HOUSTON (October 25, 2013)

In the fall of 2010, 3rd Battalion 5th Marines, known as 3/5, deployed to the Sangin Valley in the Helmand province of Afghanistan. The valley, dubbed a death trap for the number of lives its battles have claimed, is surrounded by steep inclines covered in lush green poppy plants. Infamous for their use in the production of heroin, the plants served a second, more strategic purpose in the region – abundant coverage for burying large containers full of powerful homemade bombs, known as improvised explosive devices or IEDs.

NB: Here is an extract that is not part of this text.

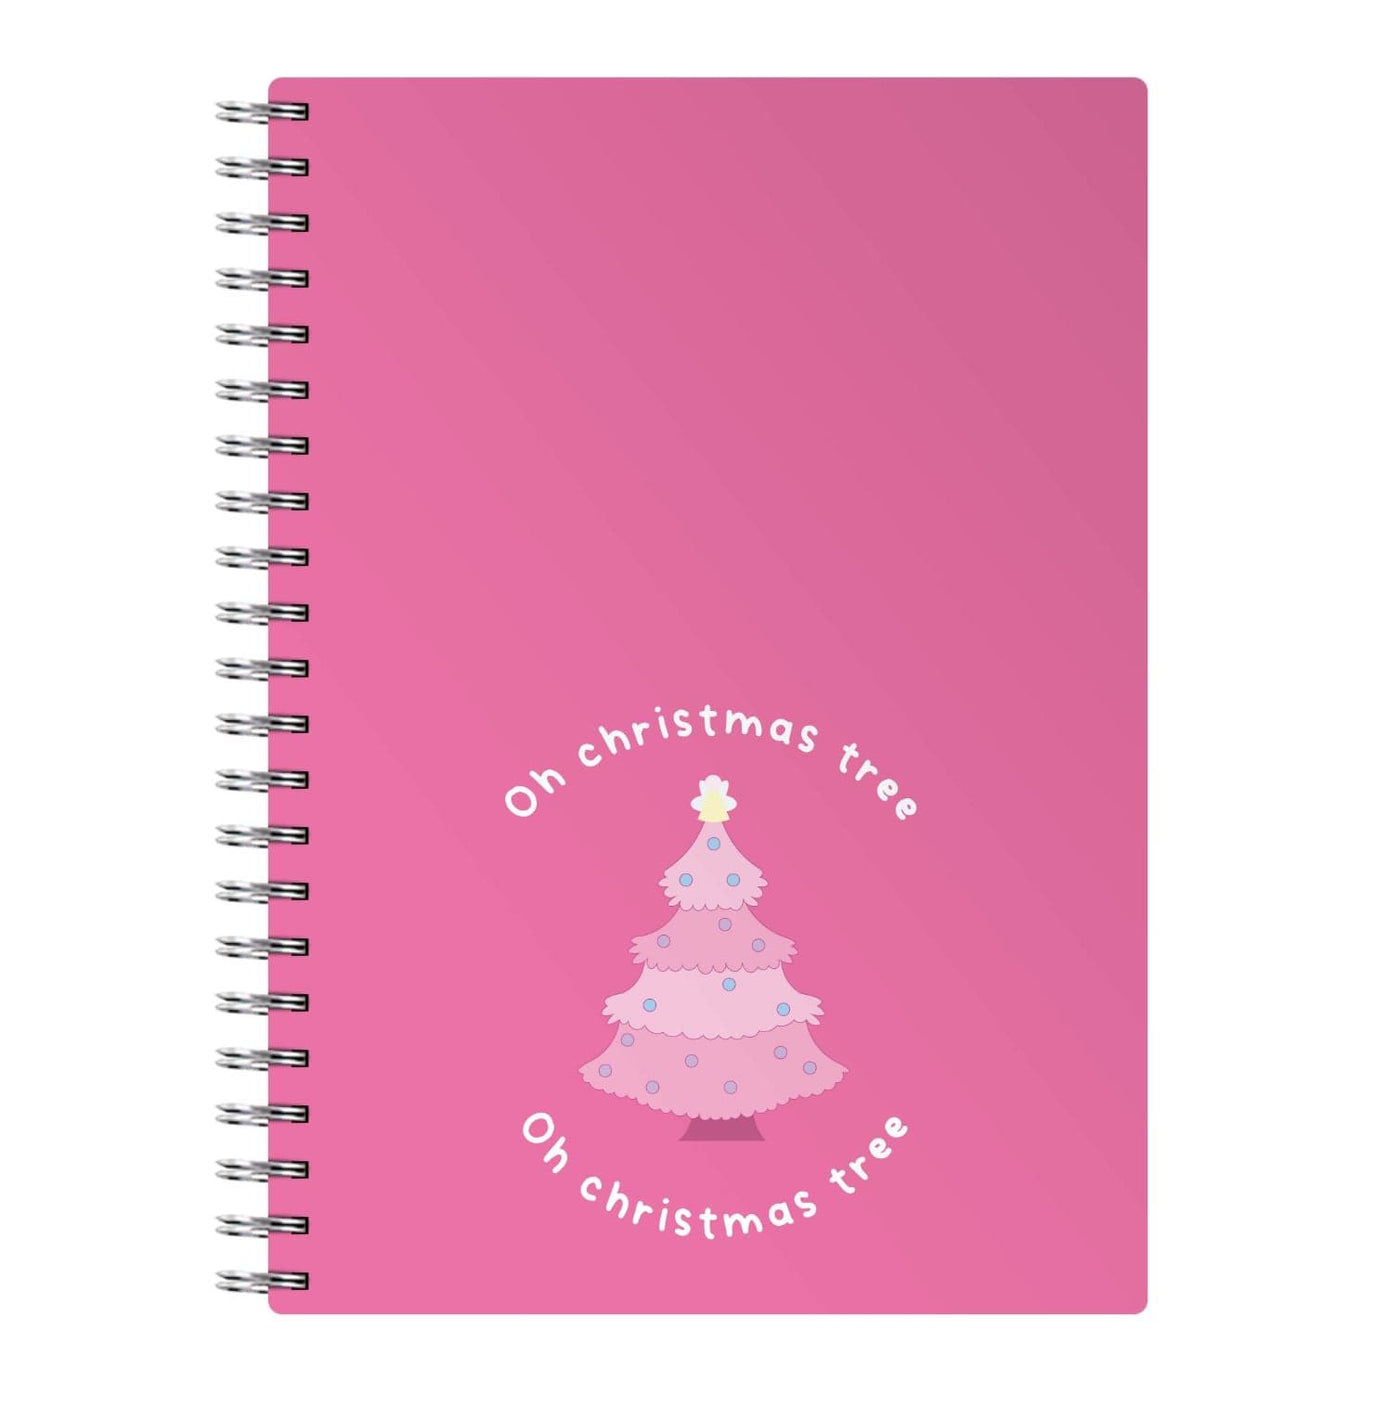 Oh Christmas Tree - Christmas Songs Notebook

Memorial Hermann-Texas Medical Center Emergency Medicine physician and United States Navy Reserve Lt. Keith Gates, MD, who was serving as a Battalion Surgeon there at the time, describes these IEDs as a new breed of explosives that were “designed to hit higher, all the way up to the pelvis, rendering a traditional tourniquet useless. Those who were hit would often bleed to death in the field within minutes.” Gates, who is an assistant professor with The University of Texas Health Science Center (UTHealth) Medical School, recognized a gap in medical care of IED injuries and began sketching a new, more versatile tourniquet while still in the field. His vision became the Junctional Emergency Treatment Tool, or JETT, which was recently selected as one of the Top 20 Innovative Products for 2013 by the EMS World Training Conference. UTHealth owns the intellectual property rights to the JETT.

Applied circumferentially around the body like a belt, the JETT can be tightened around the pelvic region to compress fractures in place and apply inward pressure to the area without impeding respiration. The device also includes two pressure pads that can be positioned directly over the vessels supplying the lower extremity, which can be tightened to block blood flow from the femoral arteries of either or both lower limbs, depending on the injury. It is designed to allow for patient movement without dislodging or reducing pressure, which makes it ideal for use in a hostile or pre-hospital environment. Even more, it is compact, lightweight and durable – all necessary components for a device intended to be carried into combat.

Gates collaborated with Col. John B. Holcomb, MD, director of the Texas Trauma Institute at Memorial Hermann-Texas Medical Center and chief of the division of Acute Care Surgery at the UTHealth Medical School to create the prototype. He worked with Andrew R. Burgess, MD, chief of Orthopaedic Trauma Services at the UTHealth Medical School, to help recreate the injuries on cadavers and test the device. A short 18 months after Gates first sent his sketches from Afghanistan, the JETT was officially FDA approved.

“It was a testament to how well the device worked – and how badly it was needed,” Dr. Holcomb said.

The JETT holds incredible promise in the business of saving lives. Already a limited number have been deployed in combat in Afghanistan, and it is now carried on all Memorial Hermann Life Flight helicopters. In June, Life Flight nurse-paramedic Rudy Cabrera, RN, BSN, CFRN, EMT-P applied the JETT on its first civilian patient and it is “without a doubt” according to his doctors, the reason one local Houston man is alive today.